# How To Use StoryLens With AI

StoryLens is useful today even before a built-in AI report exists. The current loop is simple:

1. Complete the StoryLens story session.
2. Review the organized assessment packet.
3. Copy the AI handoff.
4. Paste it into ChatGPT, Claude, Gemini, or another AI assistant.
5. Ask for a careful reading that cites evidence from your stories.

This guide explains how to get a better AI reading without treating the result as a diagnosis, score, or fixed identity.

## What To Copy

After finishing StoryLens, copy the full AI handoff or assessment packet from the completion page.

The handoff should include:

- neutral prompt titles;
- your written story responses;
- skipped prompts, if any;
- timing and length context;
- instructions that tell AI to stay reflective and evidence-based.

Do not paste private details into AI unless you are comfortable sharing them with the tool you use.

## Best First Prompt

The simplest approach is to paste the StoryLens packet and add:

```text
Please read this as reflective self-understanding material, not as diagnosis or an official personality score.

Identify recurring patterns across my answers. Cite specific evidence from multiple prompts. Separate observations from hypotheses. Discuss motives, relationship patterns, pressure responses, self-image, and possible MBTI-style or Jungian-inspired clues only as tentative lenses.

End with follow-up questions I can answer to deepen the reading.
```

You can also use the public prompt:

https://storylens.me/prompts/storylens-ai-reading-prompt.md

## What A Good AI Reading Should Do

A useful reading should:

- cite evidence from more than one answer;
- name recurring patterns instead of jumping to a label;
- separate what is observed from what is inferred;
- include uncertainty and alternative interpretations;
- give you follow-up questions;
- avoid diagnosis, crisis assessment, hiring advice, or official psychometric scoring.

A weak reading usually:

- assigns a type too quickly;
- overuses vague praise;
- quotes only one answer;
- treats every story as literal autobiography;
- gives confident claims without evidence.

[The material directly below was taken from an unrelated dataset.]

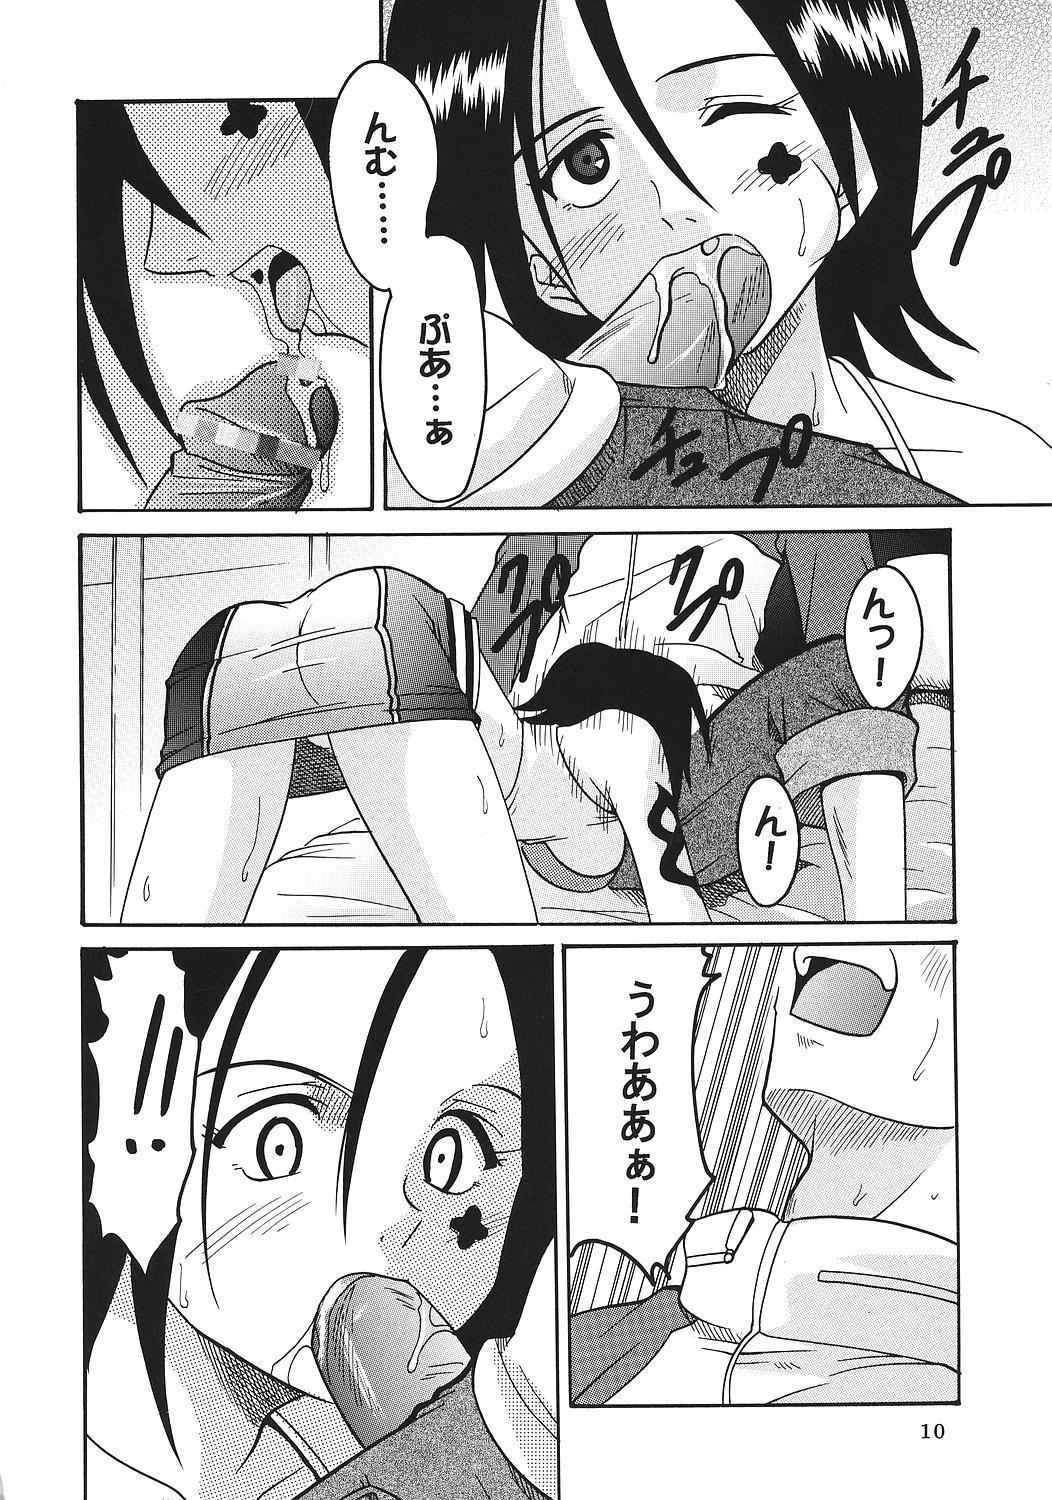 Anime Ura ray-out vol.2 - Eureka 7 Bang - Page 11

If the reading feels generic, ask:

```text
Which claims in your reading are supported by the strongest evidence, and which claims are weaker or more speculative?
```

## Useful Follow-Up Questions

After the first reading, try one of these:

- What are the strongest recurring motives across my stories?
- What relationship pattern appears more than once?
- How do I seem to respond to pressure or uncertainty?
- Where might this interpretation be overreaching?
- What would you ask me next if you wanted to understand me more deeply?
- Compare this with MBTI-style or Jungian-inspired patterns, but keep it tentative.
- Turn this into a one-page reflection plan for the next week.

## How To Compare With Personality Tests

You can ask AI to compare the reading with familiar lenses, but keep the language careful.

Good framing:

```text
Use MBTI-style, Jungian-inspired, motivation, and relationship lenses as reflection tools. Do not assign an official type. Tell me what evidence supports each possibility and what evidence complicates it.
```

Avoid:

```text
Tell me my exact MBTI type.
```

StoryLens is meant to give AI richer evidence than a multiple-choice test. It is not meant to produce an official type result.

## How To Share Feedback

For the first pilot, the most useful feedback is not praise. It is friction.

After trying the AI reading, note:

- Where did you get stuck?
- Did the reading feel specific?
- What felt generic or overconfident?
- Did the final handoff make sense?
- Would you send StoryLens to a friend?

Use the final feedback option in StoryLens, or email:

feedback@storylens.me

Please do not send private story text unless you explicitly want the team to review it.

## Boundaries

StoryLens is for self-understanding and reflection.

It is not:

- therapy;
- diagnosis;
- crisis support;
- an official MBTI, Jungian, Big Five, PSE, or TAT test;
- a hiring, eligibility, or risk assessment tool.

If your answers involve immediate danger, self-harm, abuse, or crisis, prioritize real-world safety and professional support over personality interpretation.